**MATERIAL PROVIDED:**

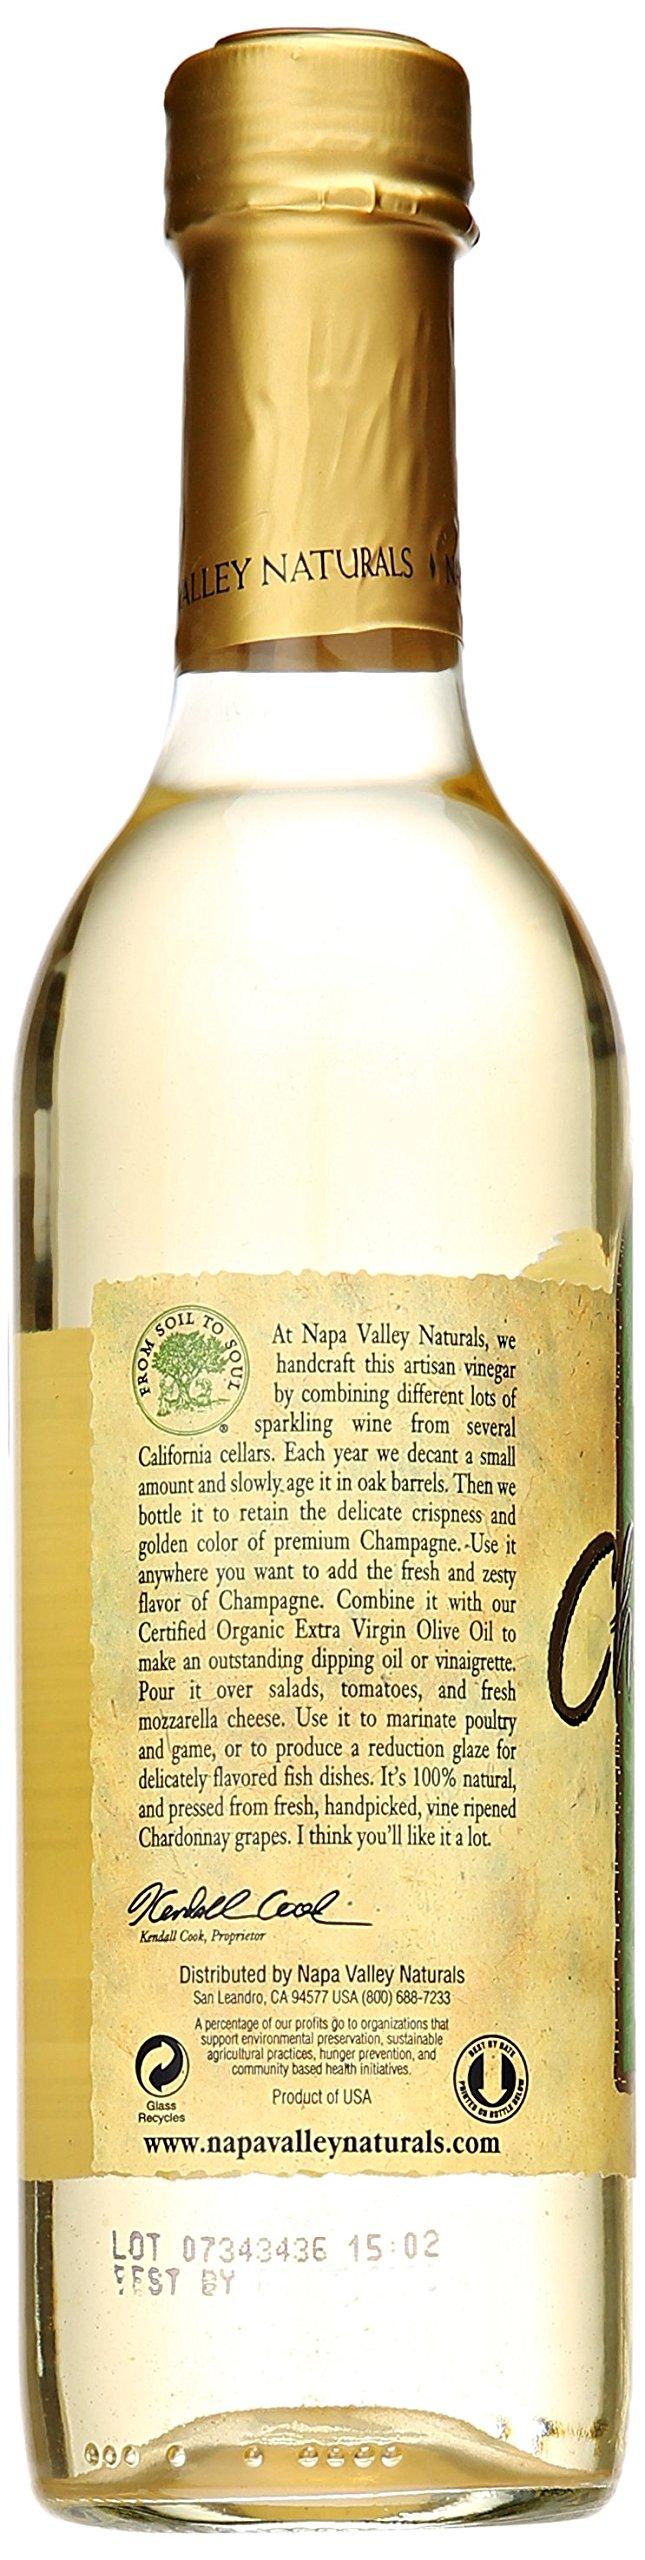 Napa Valley, Champagne Vinegar, 12.7 oz by Napa Valley Naturals (Image #4)
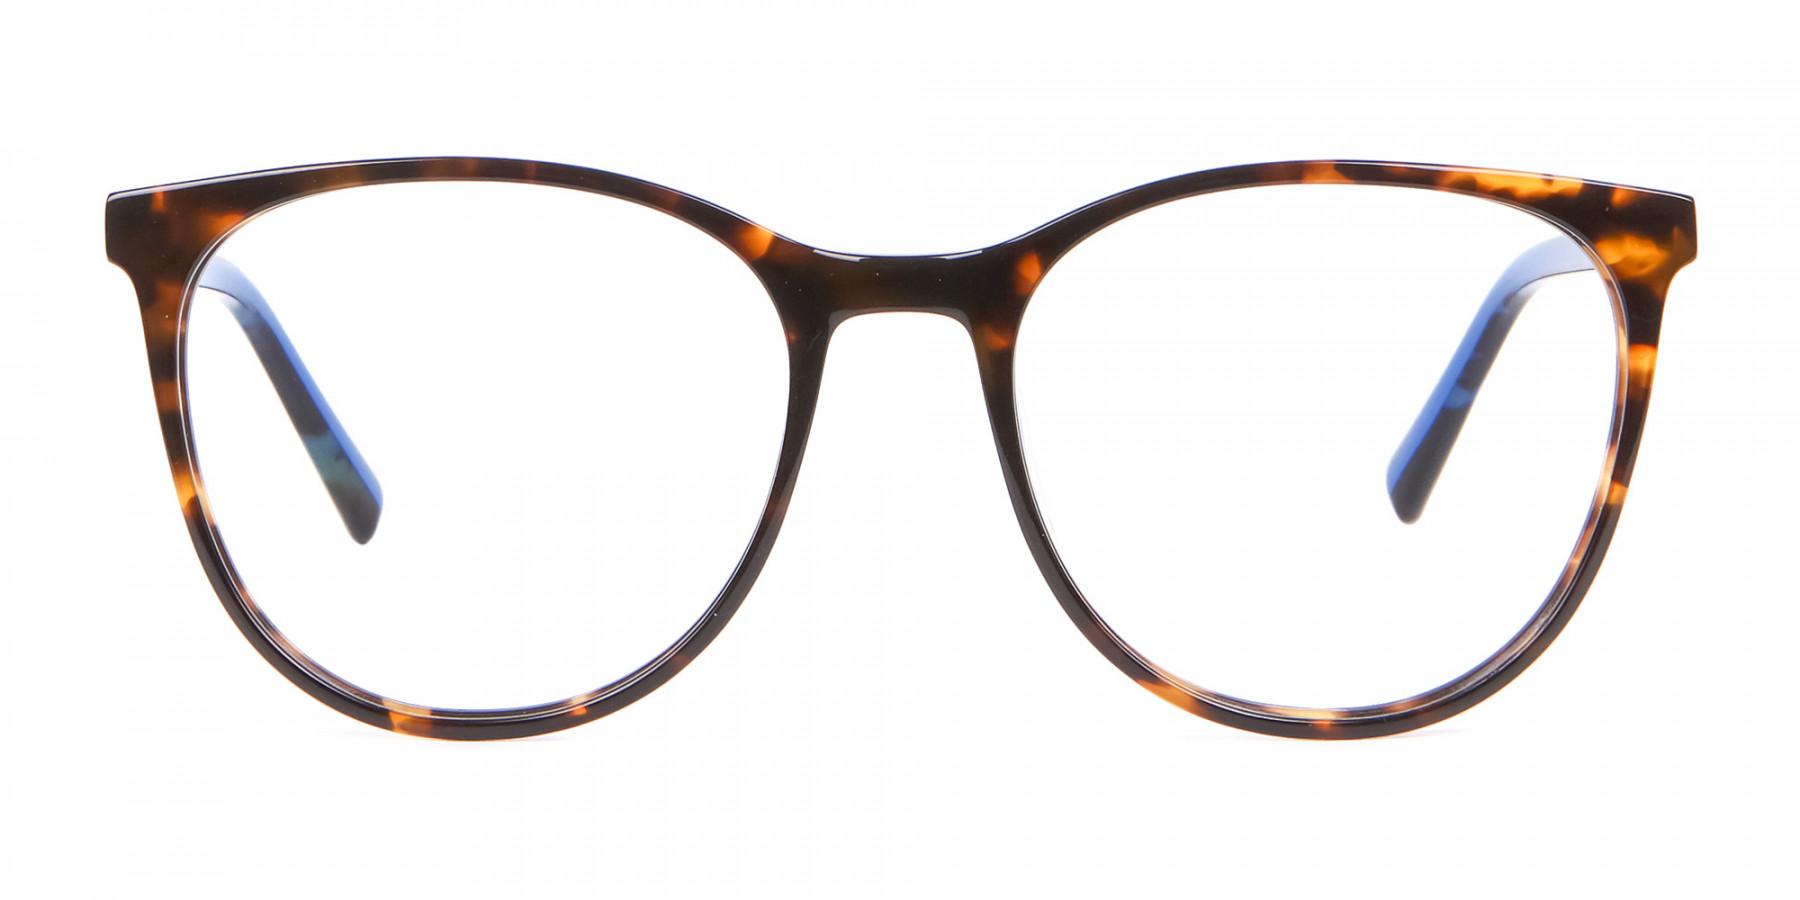 Fashion Round Frame in Tortoiseshell & Blue - 1
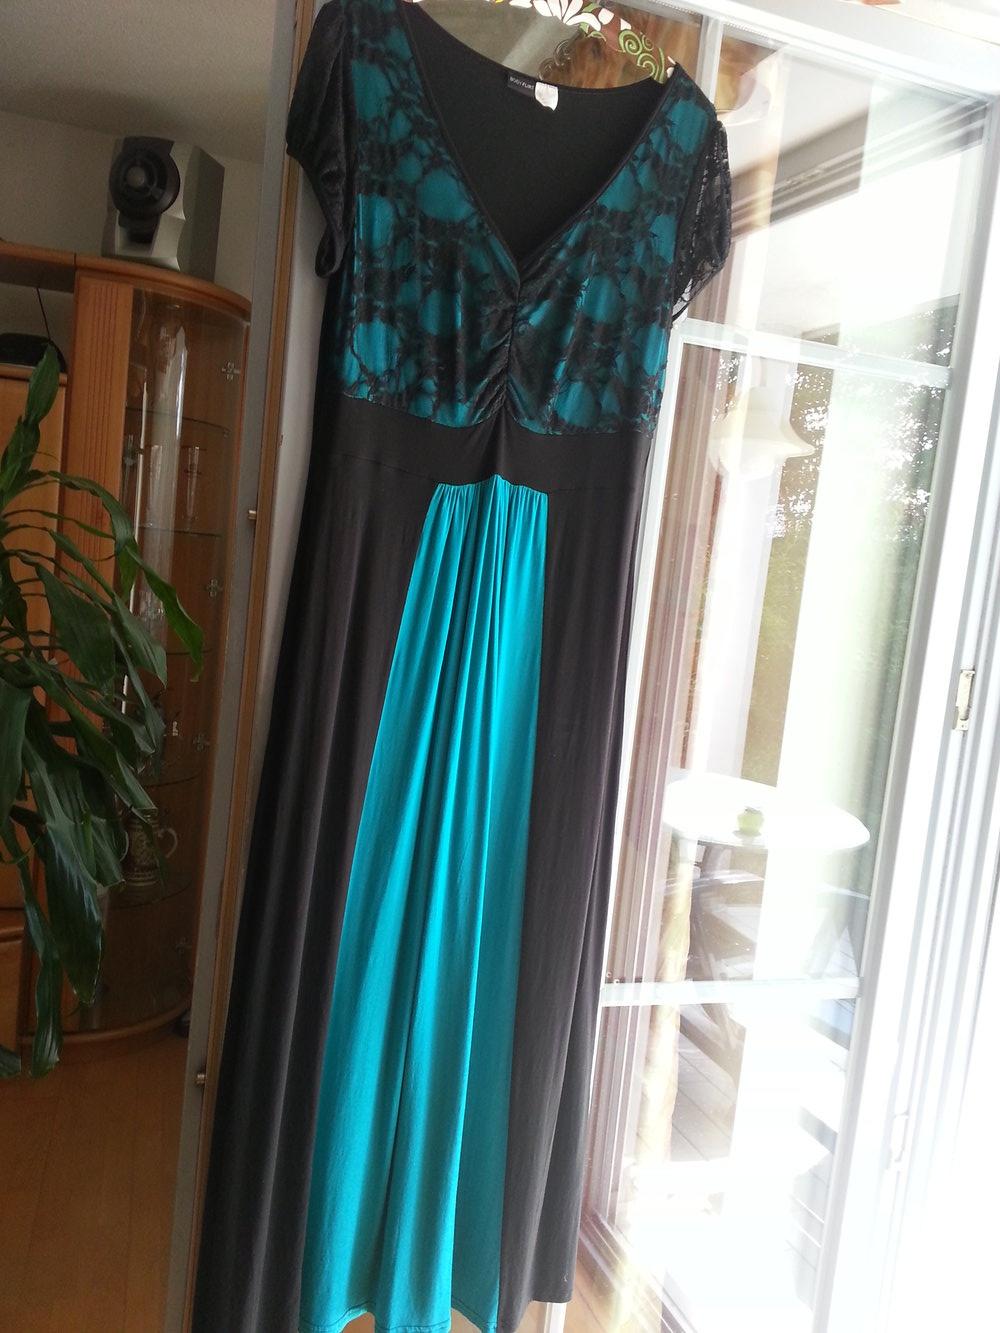 Viskose Kleid :: Kleiderkorb.de

**TASK ITEM:** The expected answer is the whole listing above, copied exactly, with images excluded.

**ANSWER TO THIS PROBLEM:**
 Napa Valley, Champagne Vinegar, 12.7 oz by Napa Valley Naturals (Image #4)
 Fashion Round Frame in Tortoiseshell & Blue - 1
 Viskose Kleid :: Kleiderkorb.de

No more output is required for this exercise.